• RECORDS TO PROCESS

Start of Block

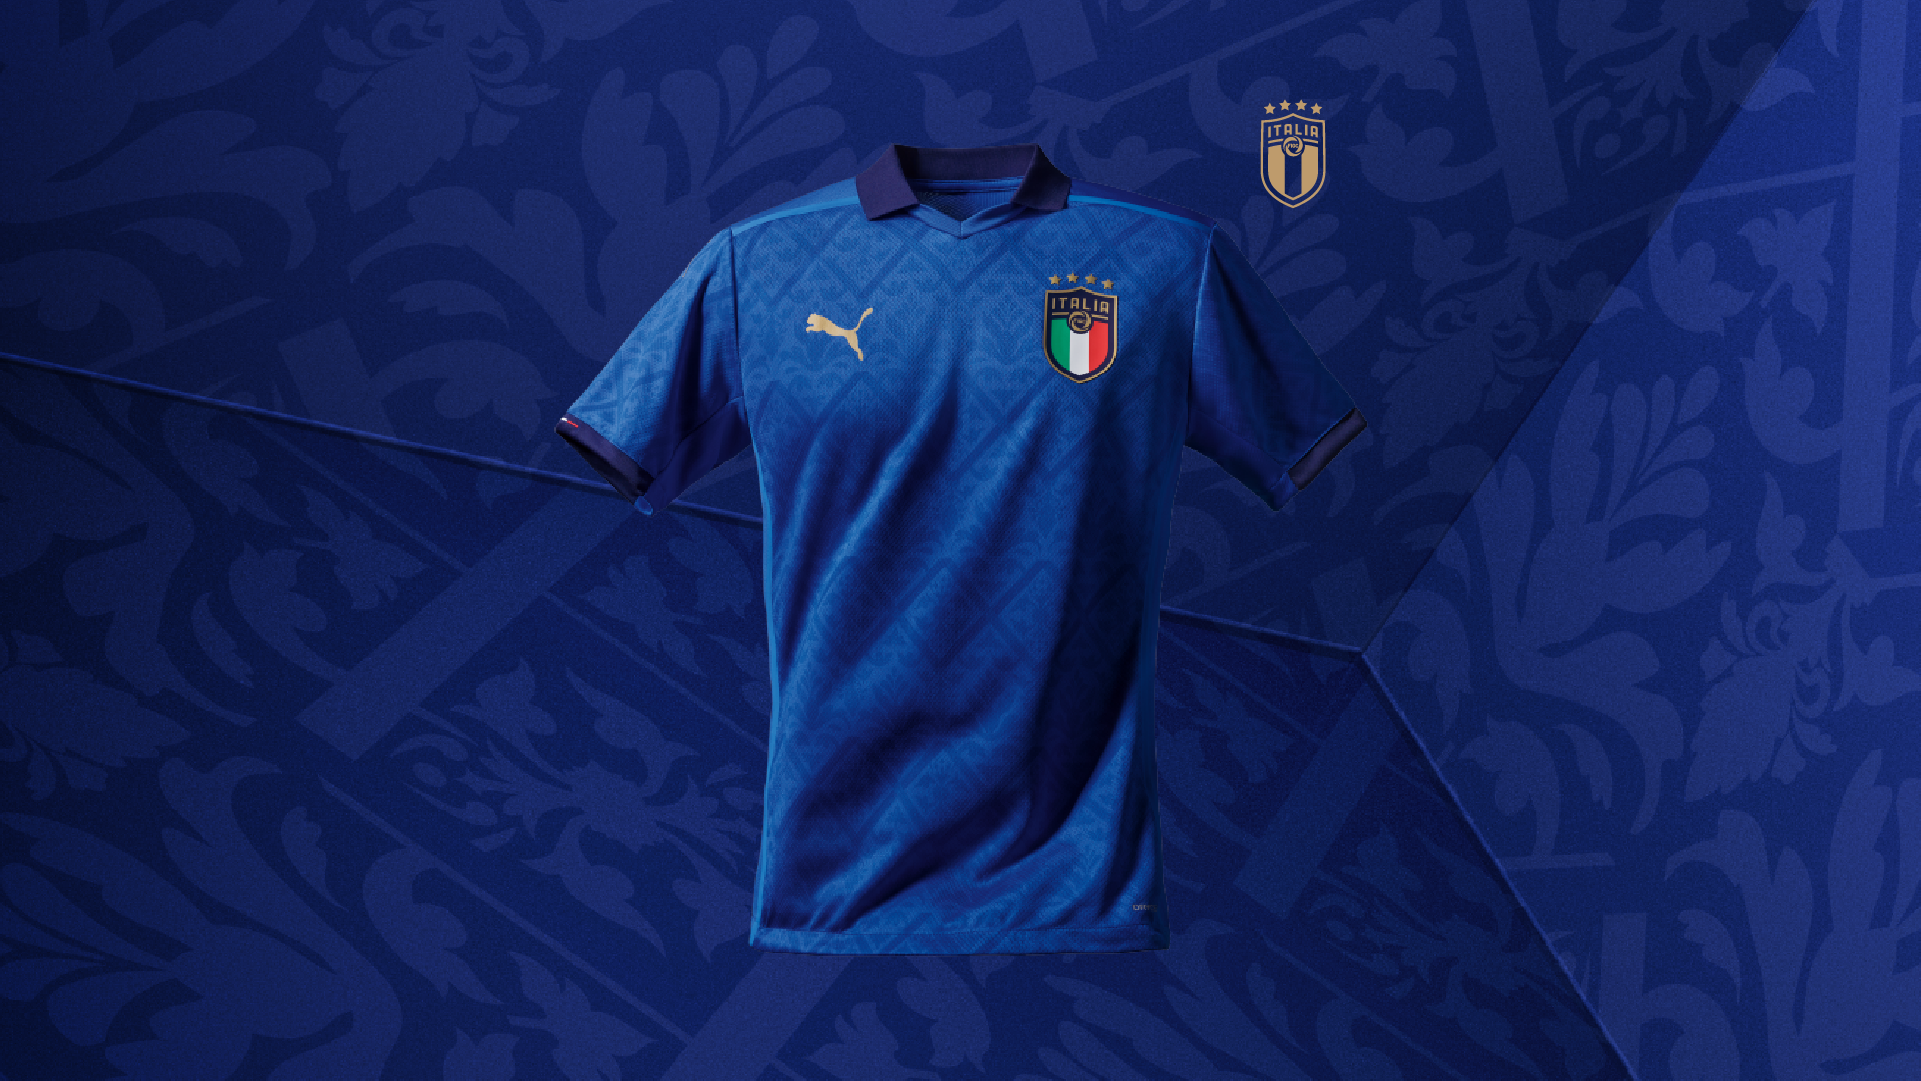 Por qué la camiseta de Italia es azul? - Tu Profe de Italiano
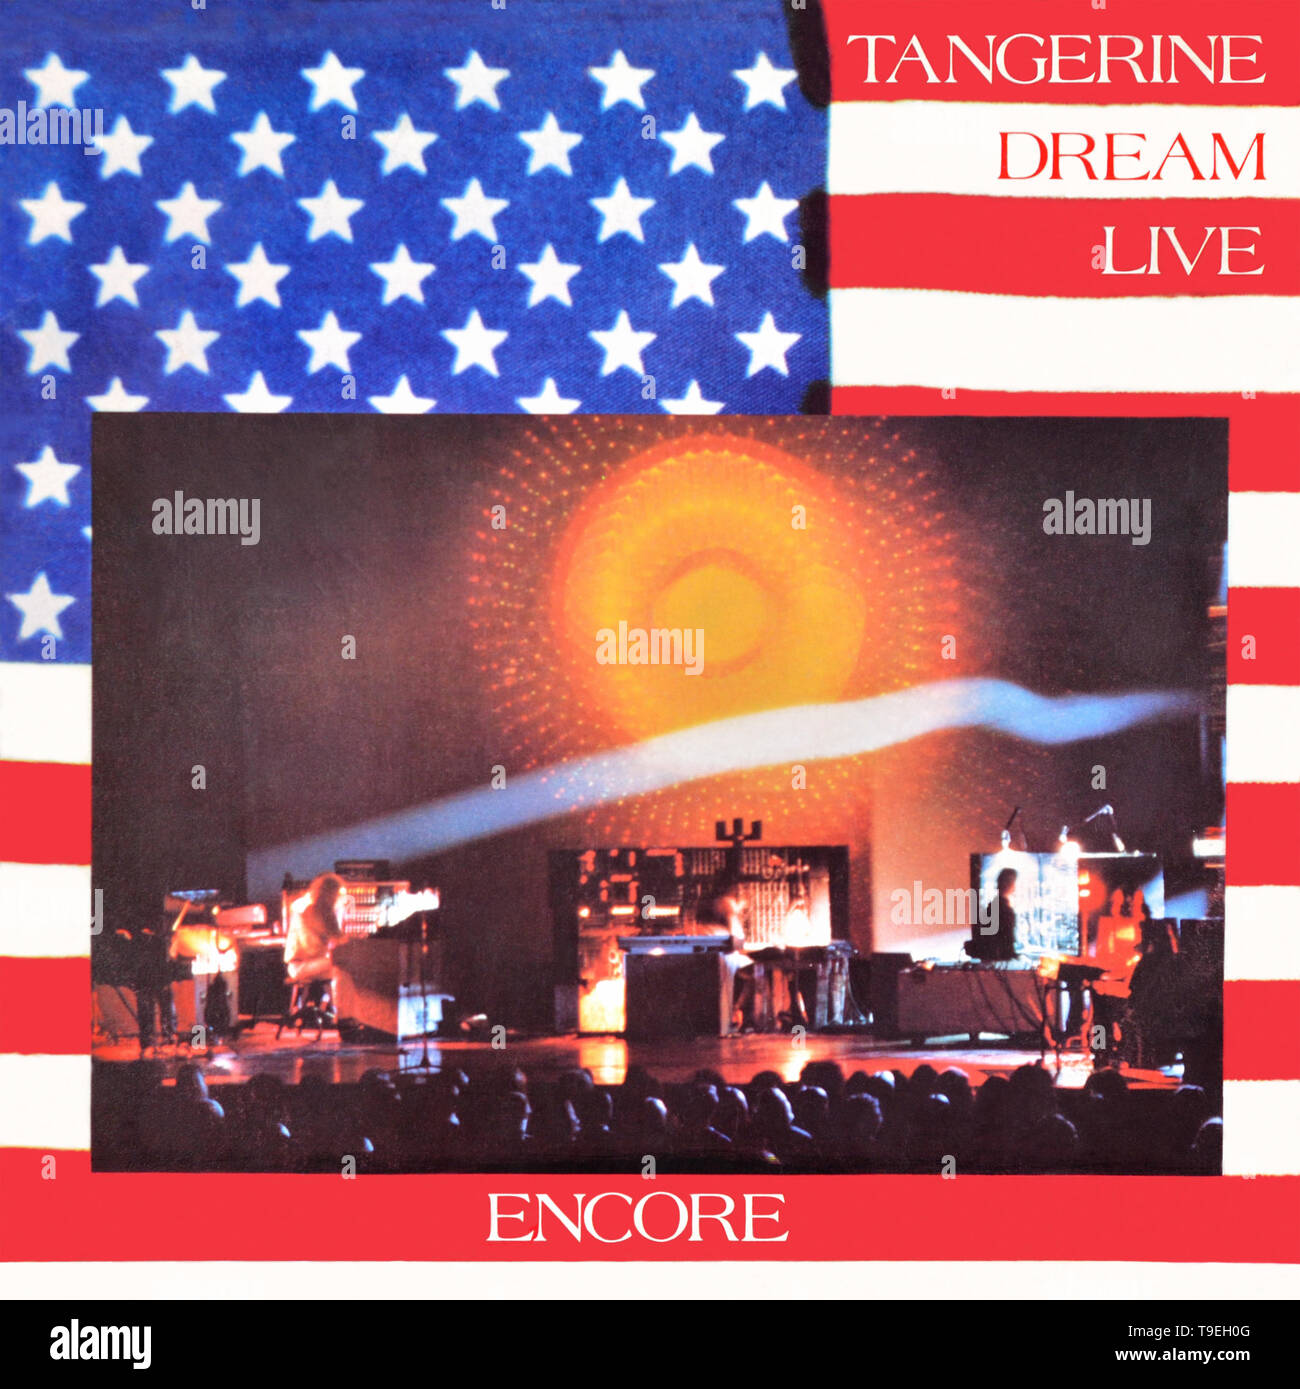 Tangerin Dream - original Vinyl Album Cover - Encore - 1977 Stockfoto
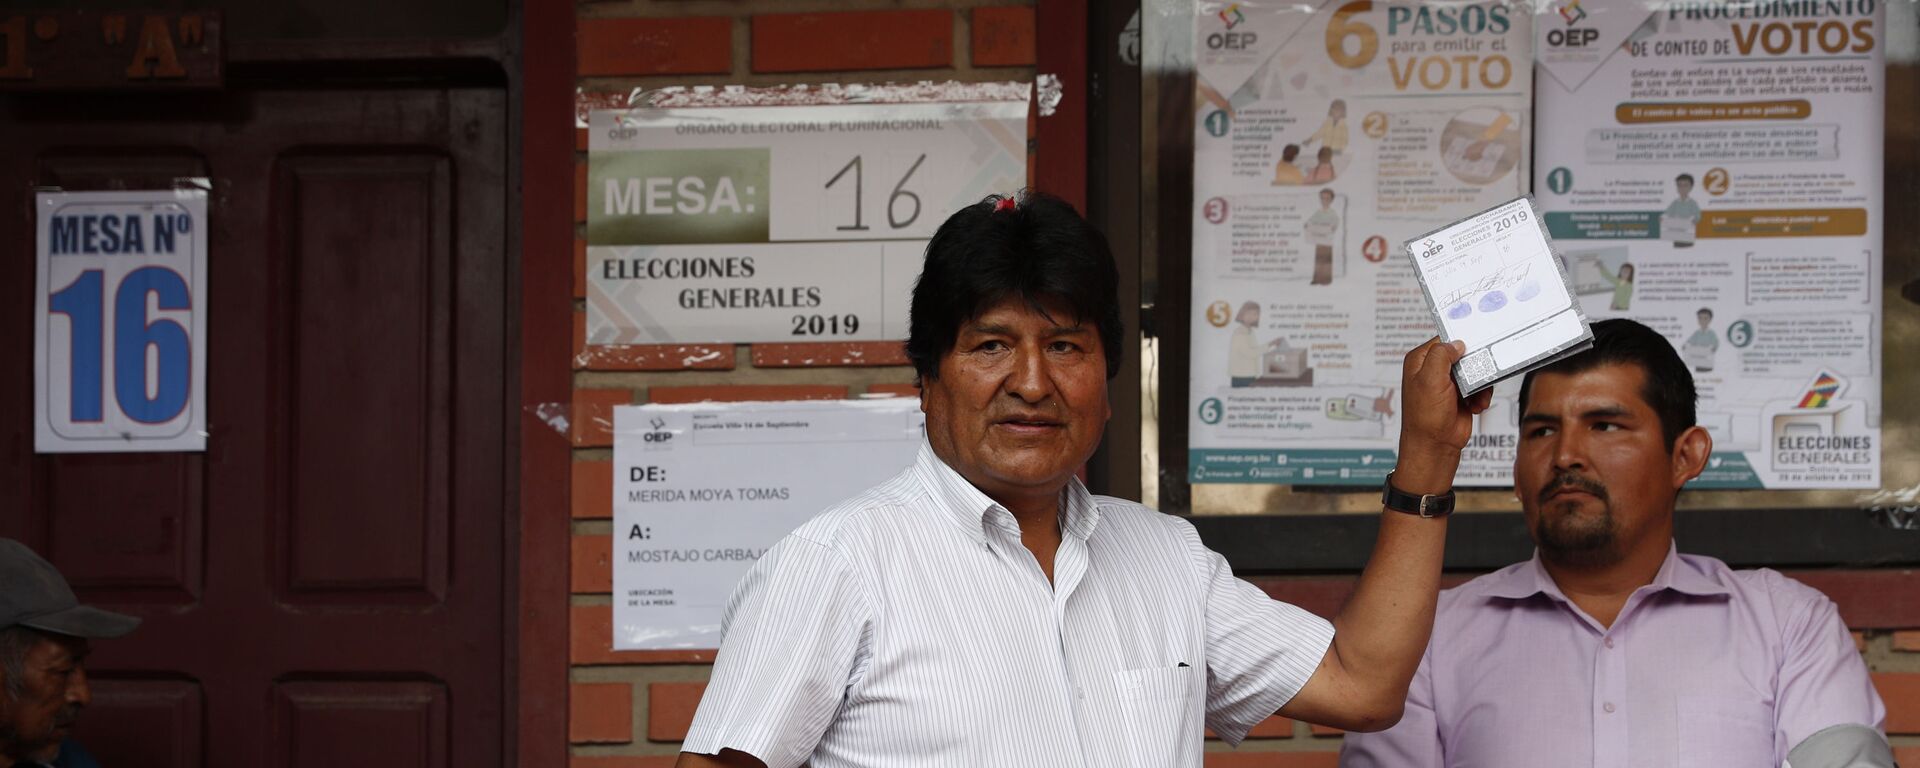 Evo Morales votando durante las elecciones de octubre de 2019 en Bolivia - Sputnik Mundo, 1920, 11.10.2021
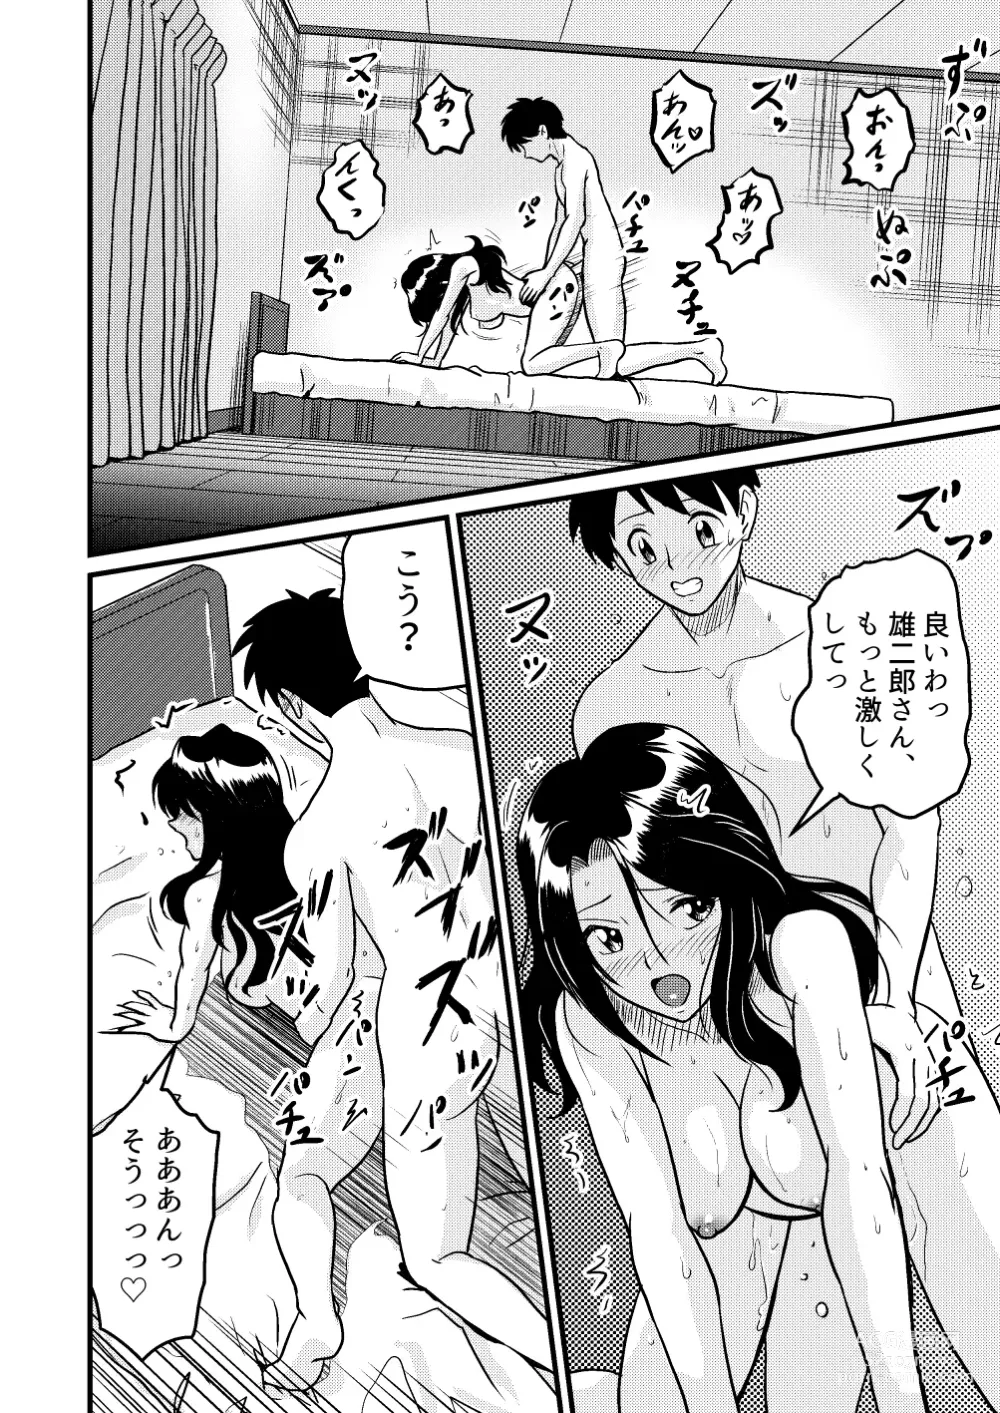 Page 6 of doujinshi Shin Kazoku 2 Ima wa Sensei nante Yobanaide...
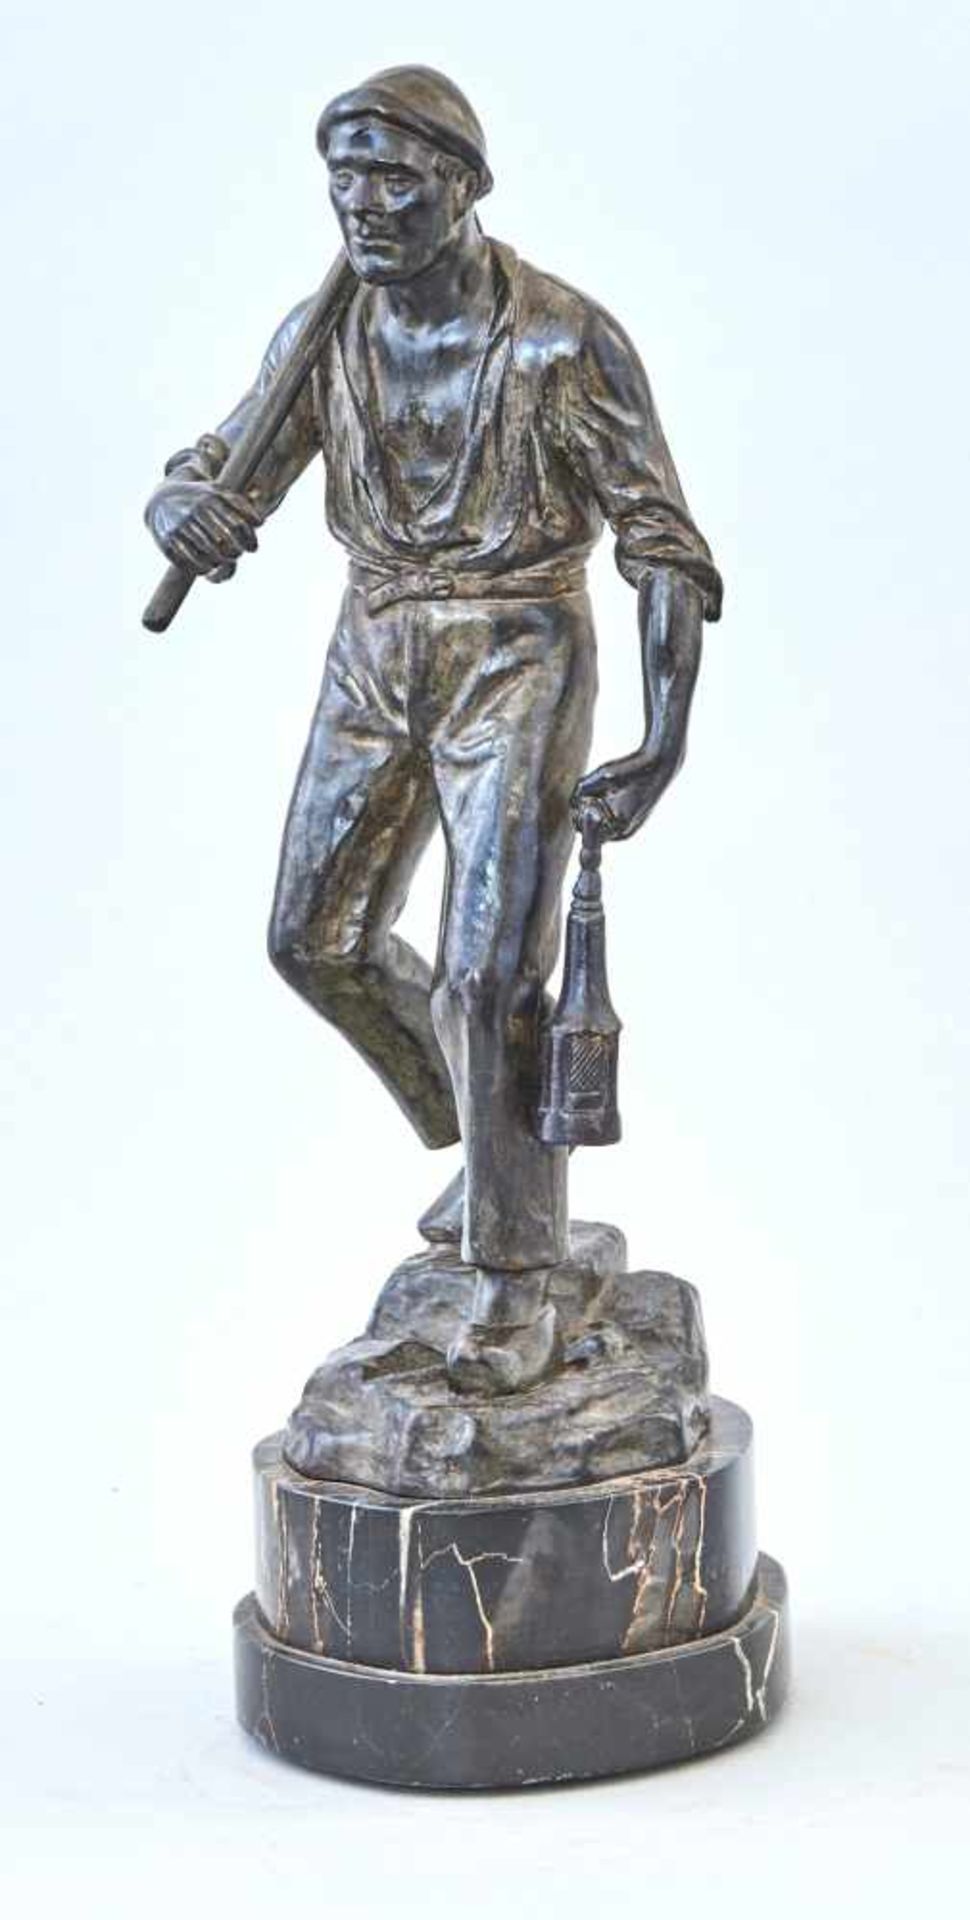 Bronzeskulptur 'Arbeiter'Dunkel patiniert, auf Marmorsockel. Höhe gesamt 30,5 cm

End of Block

• ACTION ITEM
Put down exactly the lines of the data above that run from its first line through the line bearing "Page 6 of doujinshi", and no pictures.

• TASK RESULT
 Por qué la camiseta de Italia es azul? - Tu Profe de Italiano
 Tangerin Dream - original Vinyl Album Cover - Encore - 1977 Stockfoto
 Evo Morales votando durante las elecciones de octubre de 2019 en Bolivia - Sputnik Mundo, 1920, 11.10.2021
 Page 6 of doujinshi Shin Kazoku 2 Ima wa Sensei nante Yobanaide...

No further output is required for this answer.